Johan van der Knijff, KB/National Library of the Netherlands.

## What is *jprofile*?

*Jprofile* is a simple tool for automated profiling of large batches of *JP2* (JPEG 2000 part 1) images. Internally it wraps around [*jpylyzer*](http://jpylyzer.openpreservation.org/), which is used for validating each image and for extracting its properties. The *jpylyzer* output is then validated against a set of [*Schematron*](http://en.wikipedia.org/wiki/Schematron) schemas that contain the required characteristics for master, access and target images, respectively.

## Batch structure

*Jprofile* was designed for processing digitisation batches that are delivered to the KB by external suppliers. These batches typically contain (losslessly compressed) *master* JP2s, (lossily compressed) *access* JP2s and (sometimes) also *technical target* JP2s. These are located in a folder structure that contains (sub) directories named *master*, *access* and *targets-jp2*, respectively. Below is an example:

./testbatch
├── access
│ ├── IMAGE000060.jp2
│ ├── IMAGE000061.jp2
│ ├── IMAGE000062.jp2
│ ├── ::
│ ├── IMAGE000080.jp2
│ └── IMAGE000081.jp2
├── master
│ ├── IMAGE000060.jp2
│ ├── IMAGE000061.jp2
│ ├── IMAGE000062.jp2
│ ├── ::
│ ├── IMAGE000080.jp2
│ └── IMAGE000081.jp2
└── targets-jp2


As long as a batch follows this basic structure, *Jprofile* can handle it. Note that:

* *master*, *access* and *targets-jp2* directories may occur at different nesting levels. This is no problem, since *profile* recursively traverses all subdirctories in a batch.

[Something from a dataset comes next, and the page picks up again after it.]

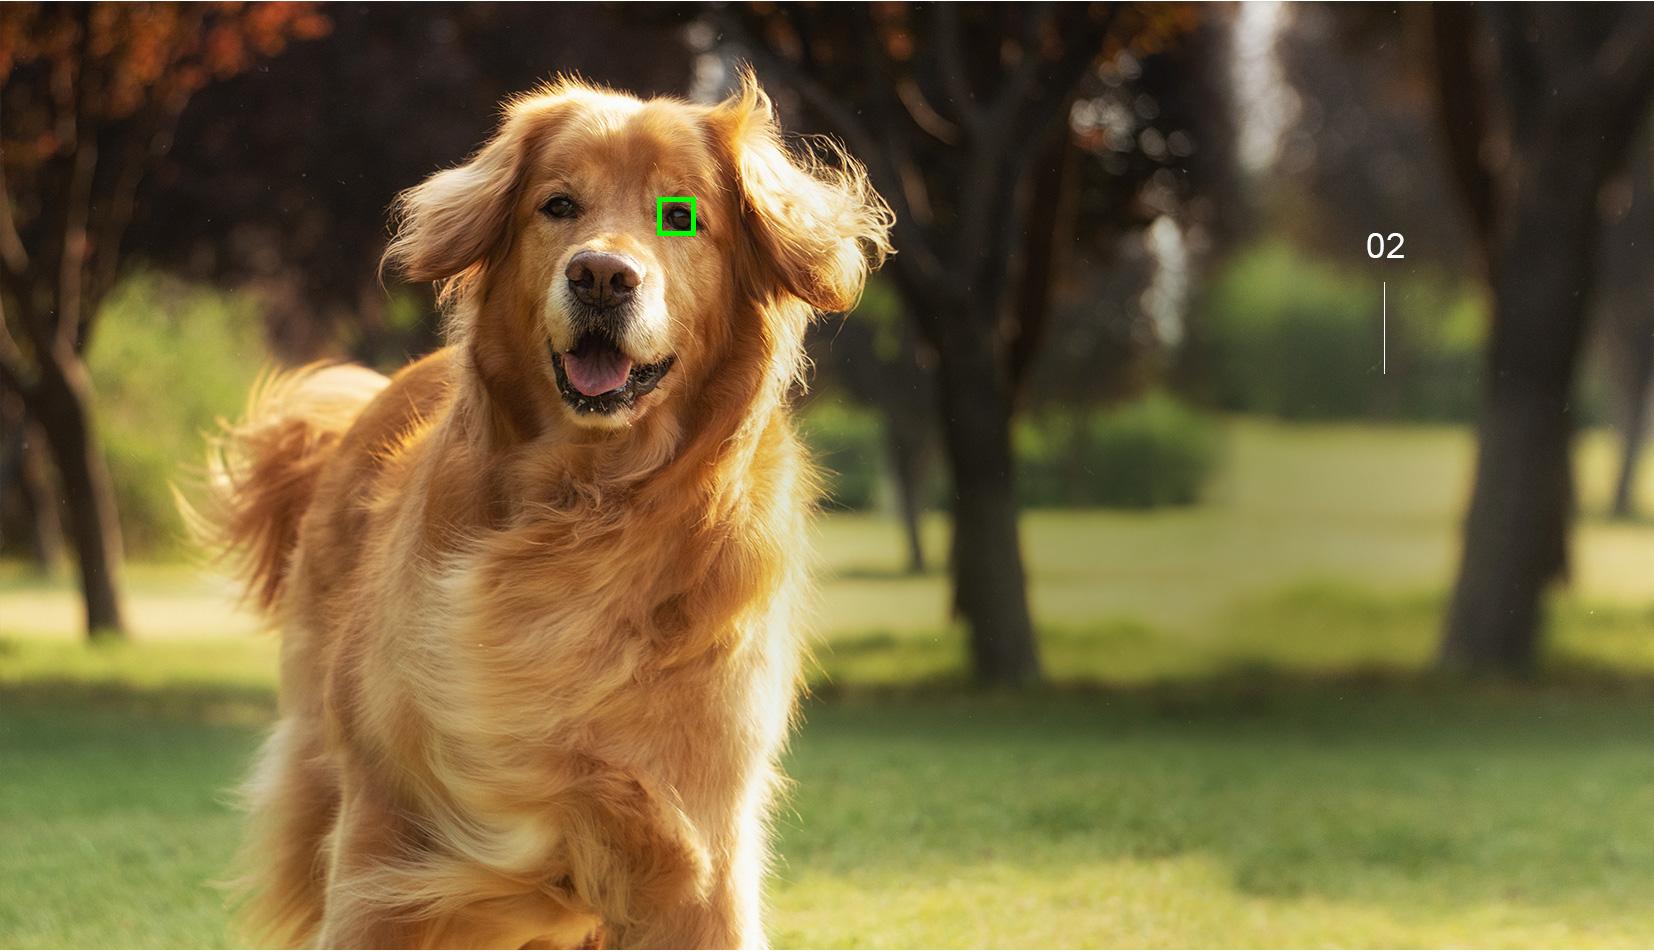 實時動物眼部對焦樣照
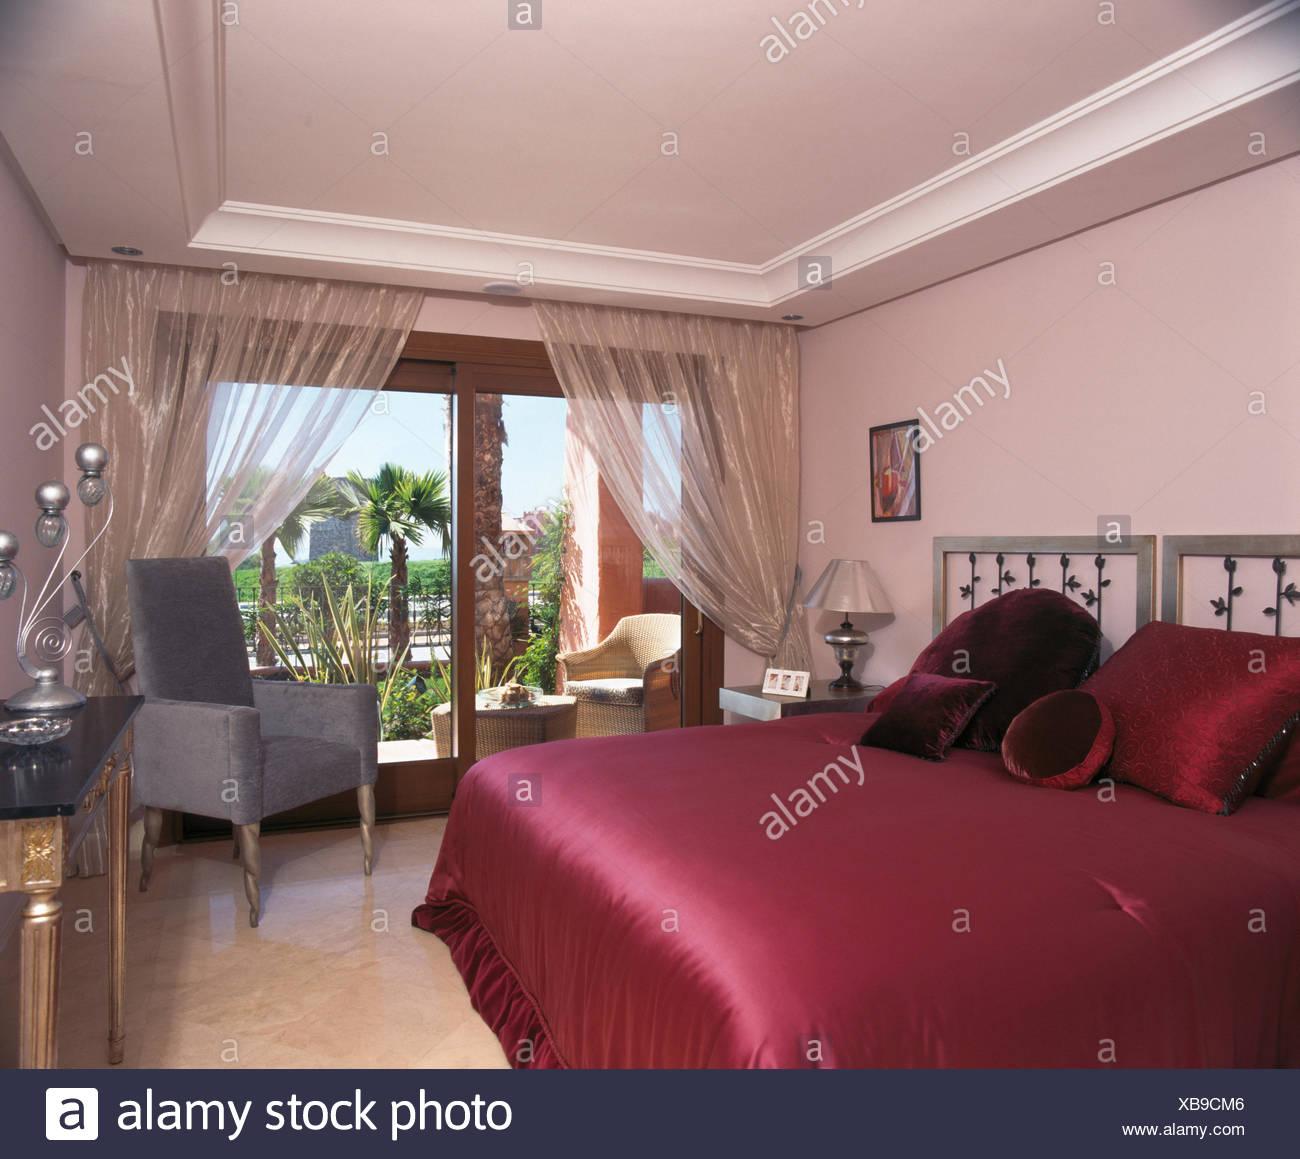 Rosa scuro satinato coperchio letto sul letto in spagnolo camera da ...

* if either a *master*, *access* or *targets-jp2* directory is missing, *jprofile* will simply ignore it (i.e. it's perfectly OK if your batch only contains *master* images).

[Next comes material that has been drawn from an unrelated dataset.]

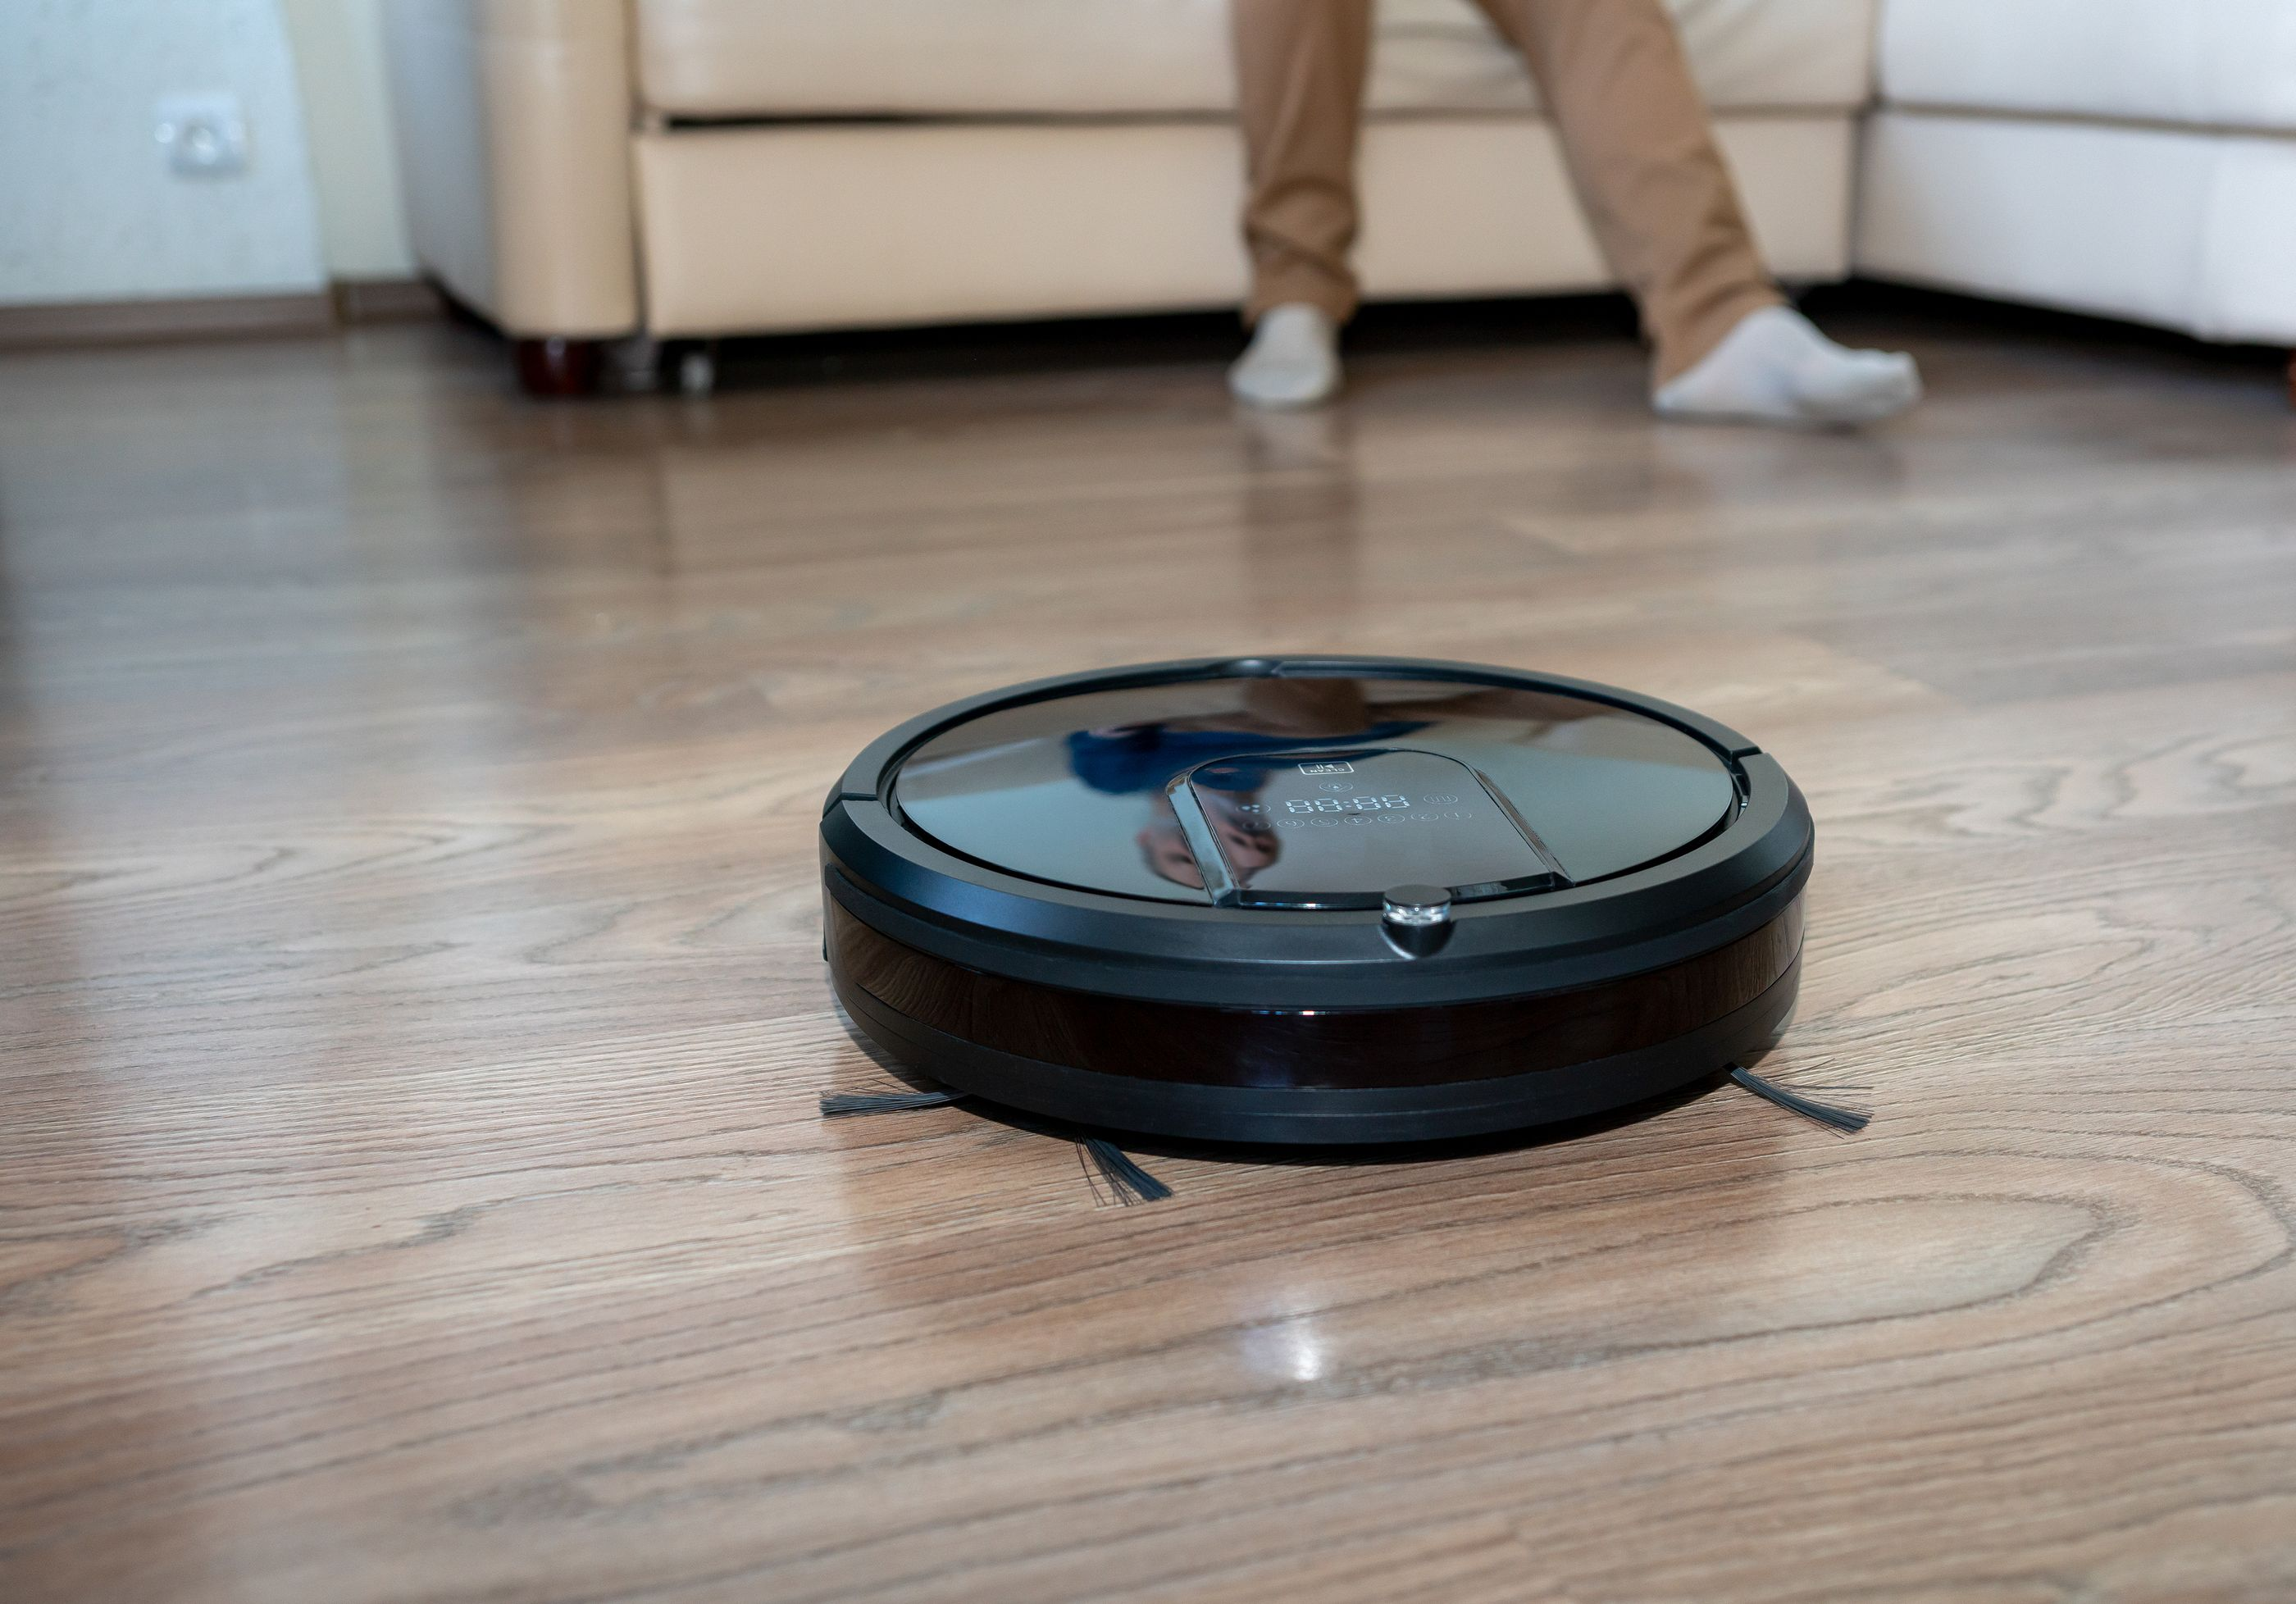 Los robots aspiradores en los hogares

* Batches may contain other folders. These are ignored by *jprofile*.

## Licensing

*Jprofile* is released under the [GNU Lesser General Public License](https://www.gnu.org/licenses/lgpl.html).

## Installation

The easiest method to install *Jprofile* is to use the [*pip* package manager](https://en.wikipedia.org/wiki/Pip_(package_manager)). Alternatively, Windows users can also use stand-alone binaries that don't require Python at all (see below).

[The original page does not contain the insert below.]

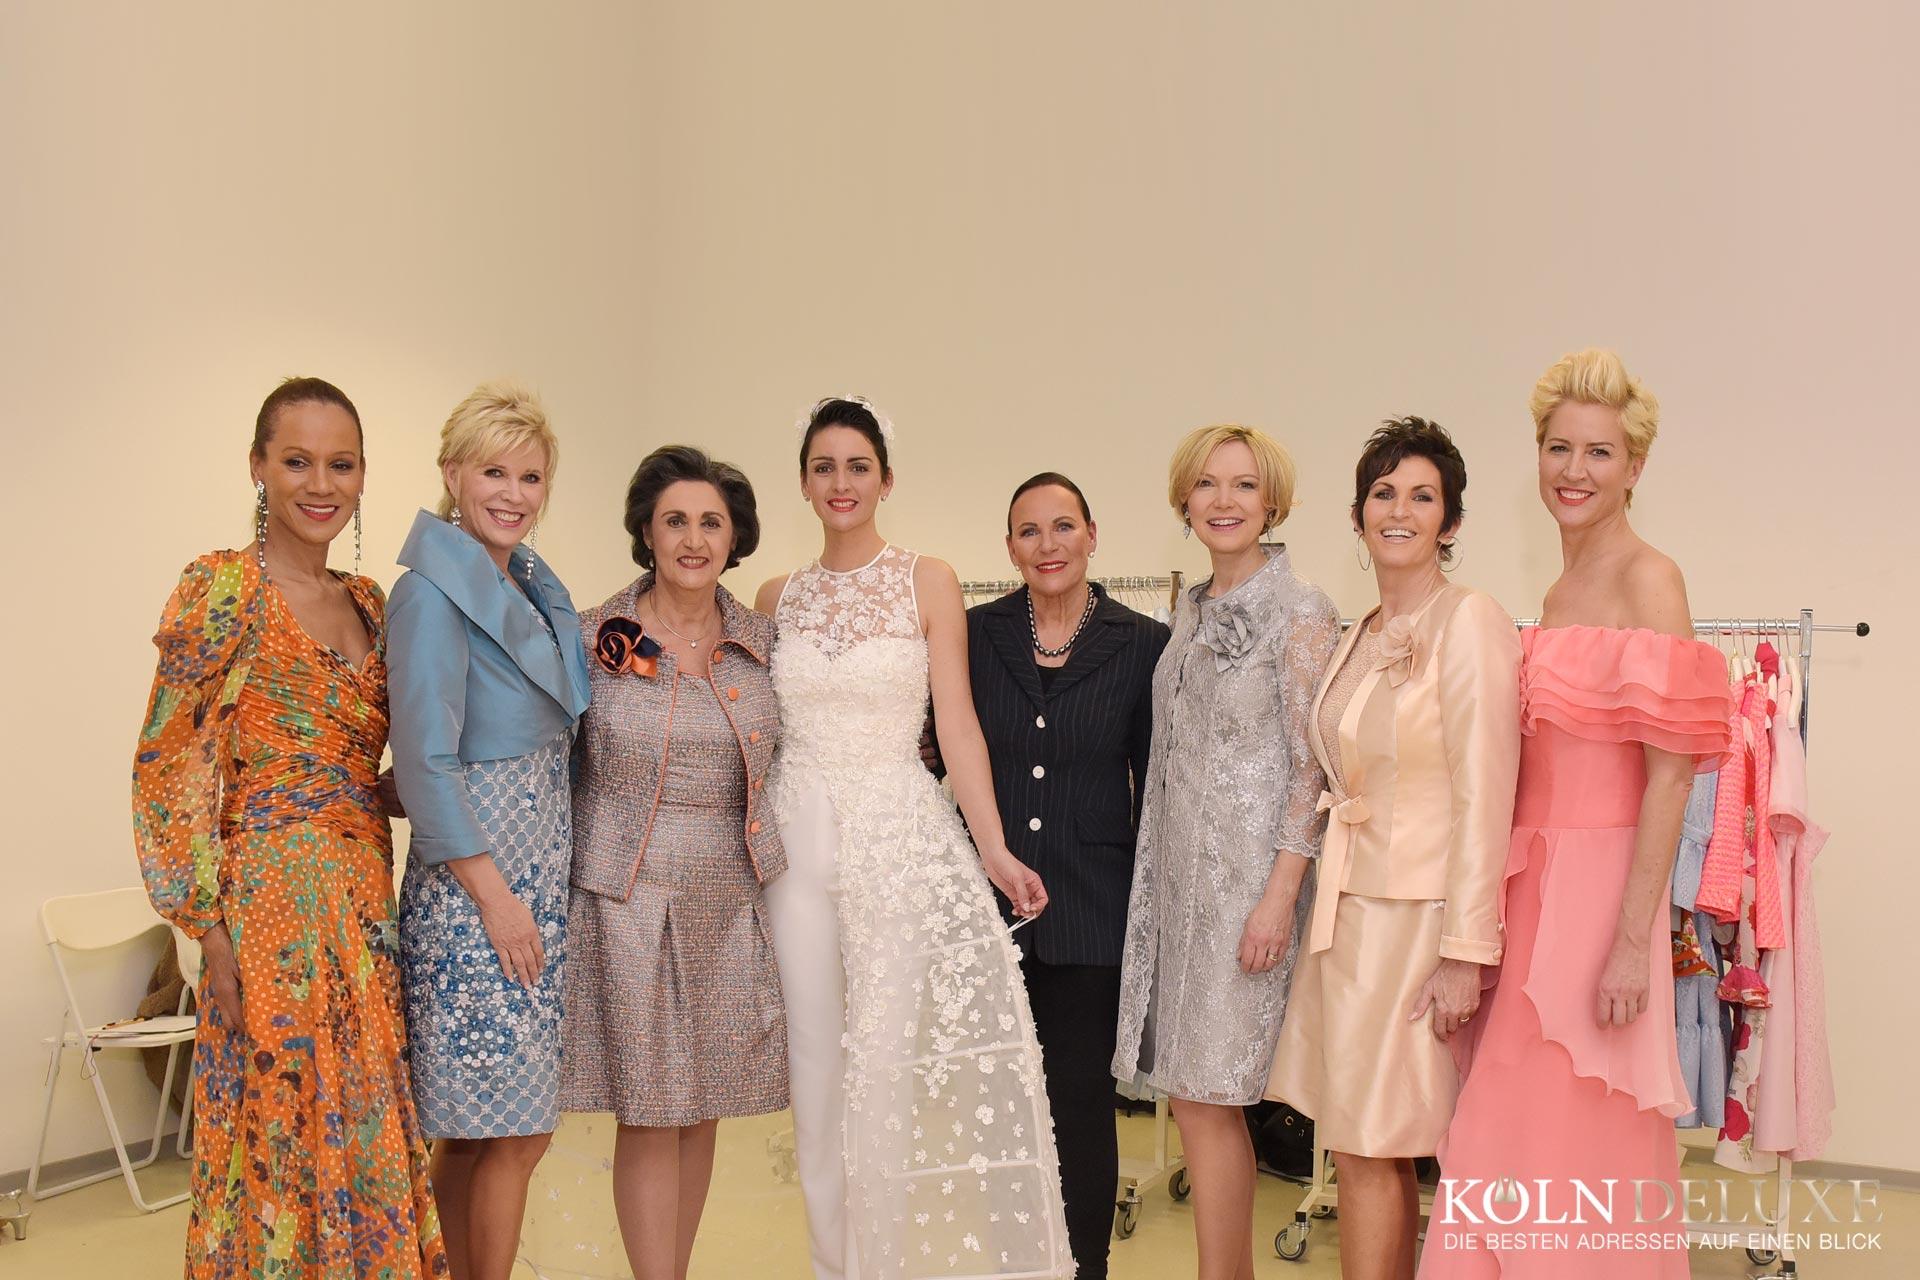 Mahi Degenring Couture – Zum 35. Firmenjubiläum verjüngt

## Installation with pip (single user)

This will work on any platform for which Python is available. You need a recent version of *pip* (version 9.0 or more recent). To install *Jprofile* for a single user, use the following command:

pip install jprofile --user

## Installation with pip (all users)

To install *Jprofile* for *all* users, use the following command:

pip install jprofile

You need local admin (Windows) / superuser (Linux) privilige to do this. On Windows, you can do this by running the above command in a Command Prompt window that was opened as Administrator. On Linux, use this:

sudo pip install jprofile

## Installation of Windows binaries

For Windows users who don't have Python available on their system, stand-alone binaries of *Jprofile* are available. In this case the installation steps are:

1. Download the latest binaries (64 or 32 bit) from the [latest release page ](https://github.com/KBNLresearch/jprofile/releases/latest).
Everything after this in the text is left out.